Patent Description:
Bulk material handling apparatus such as silos, hoppers, chutes, drums, conveyors, and so on, invariably suffer from accumulation of the bulk material being handled that progressively reduces their effectiveness. This is particularly the case with bulk materials which tend to agglomerate under certain conditions. One example of such materials includes cementitious materials which may become adhesive to the apparatus under certain conditions of moisture or atmospheric humidity. In the context of the present invention, the term 'accumulate' and its derivative terms are intended to encompass material agglomeration and other adhesive materials and processes, including lamination of material to apparatus surfaces.

With accumulation of material on apparatus surfaces, both short-term and long-term efficiency is compromised, with the flow of material along or through the apparatus being restricted or stopped completely, and the capacity and throughput of the apparatus reduced. Additionally, accumulation causes increased stresses on walls and bearings of the apparatus as the mass of material increases, reducing the lifespan of the apparatus, increasing maintenance requirements, and can reduce energy efficiency.

Accumulation may be affected by the design of the apparatus, or by the properties of the bulk material being handled. Some bulk materials are heavily prone to adhesion and accumulation on surfaces and are difficult to handle. Therefore, suitable methods of cleaning are required.

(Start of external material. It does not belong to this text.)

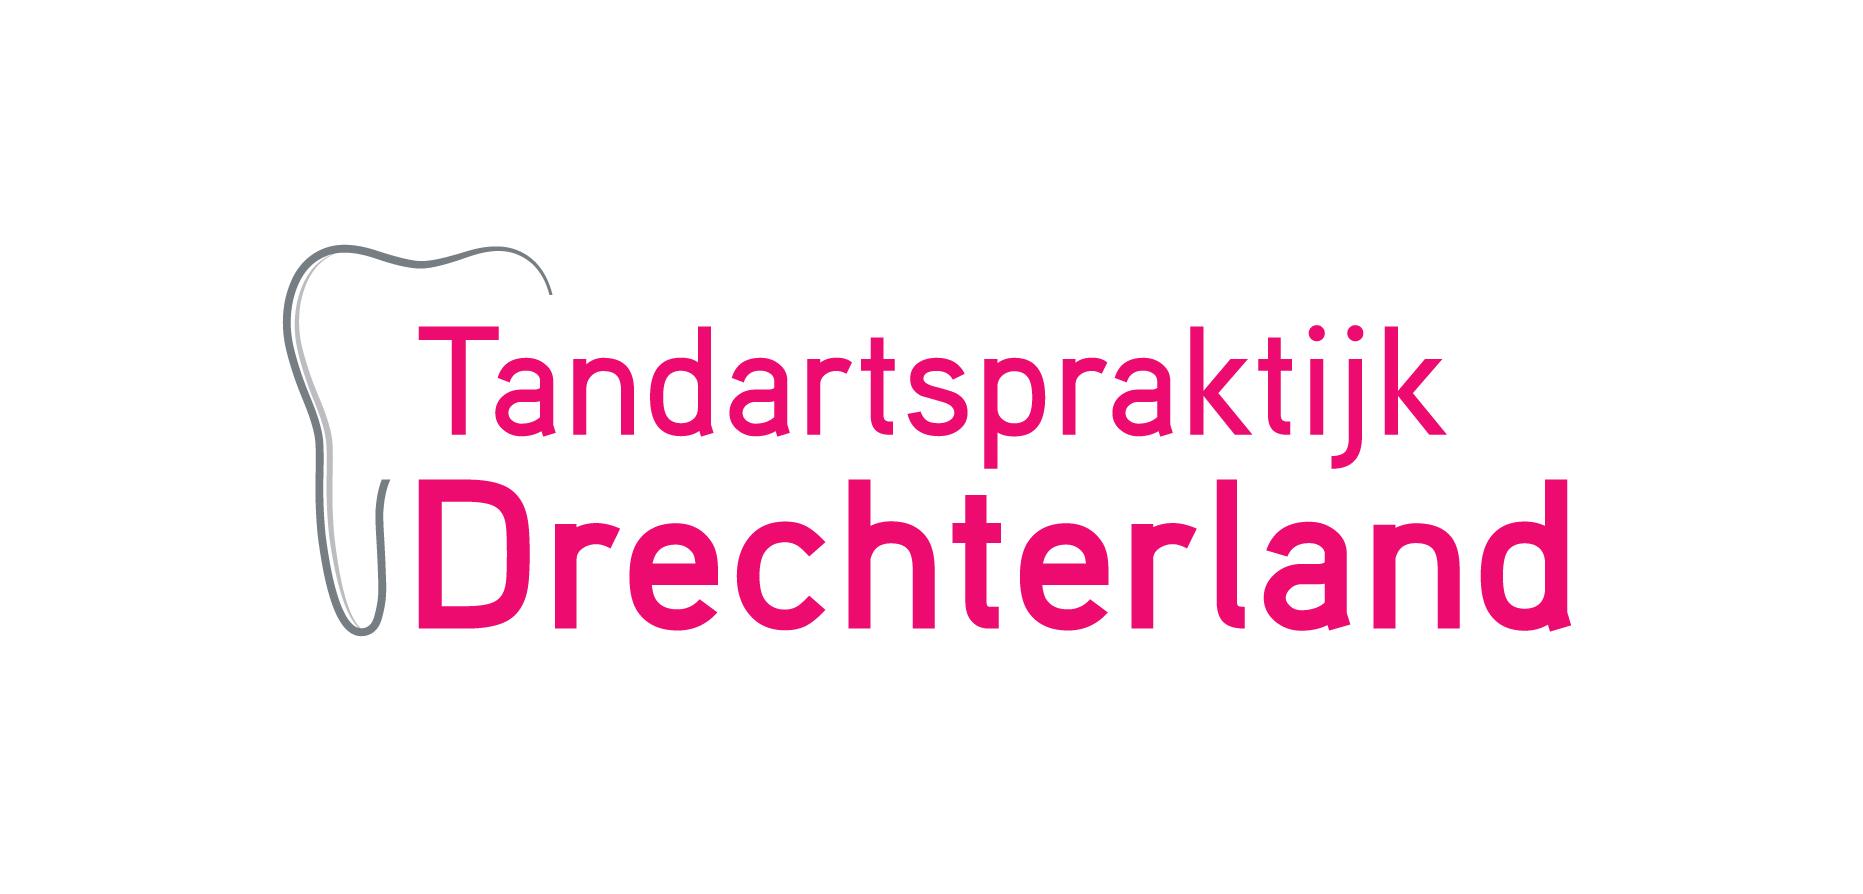 Tandartspraktijk Drechterland

Common methods of cleaning include vibrators, air cannons, aeration pads, and scrapers. These are effective, but often require a significant amount of energy, and may result in gradual damage to the device.

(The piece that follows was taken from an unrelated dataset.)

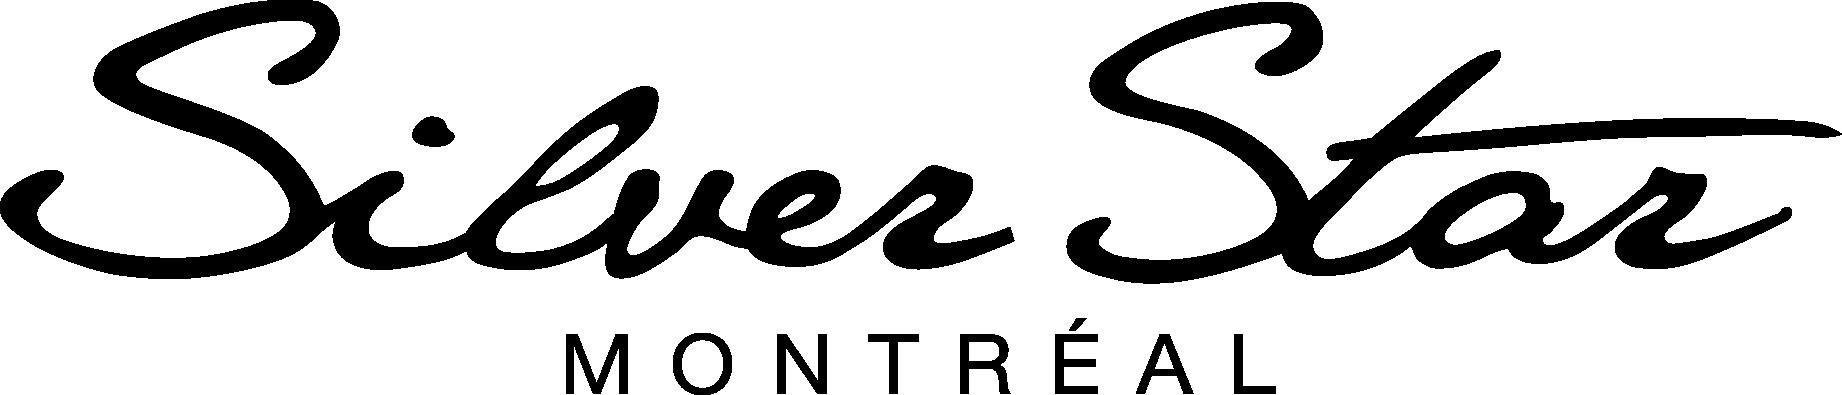 Mercedes-Benz Silverstar

Rotary drums can be used for a variety of purposes, including rotary drying and cooling, granulation, cleaning, or coating and can be used to achieve many goals across numerous industries and for a wide range of materials, particularly bulk materials. Specific, but nonlimiting, example applications include agriculture (such as processing of manure, compost or NPK fertiliser), metallurgy (such as metal ore processing), minerals (such as limestone dust or mine tailings), pharmaceuticals (such as tablet coating), waste processing (for example, gas cleaning residues), manufactured aggregate production and food (such as sugar).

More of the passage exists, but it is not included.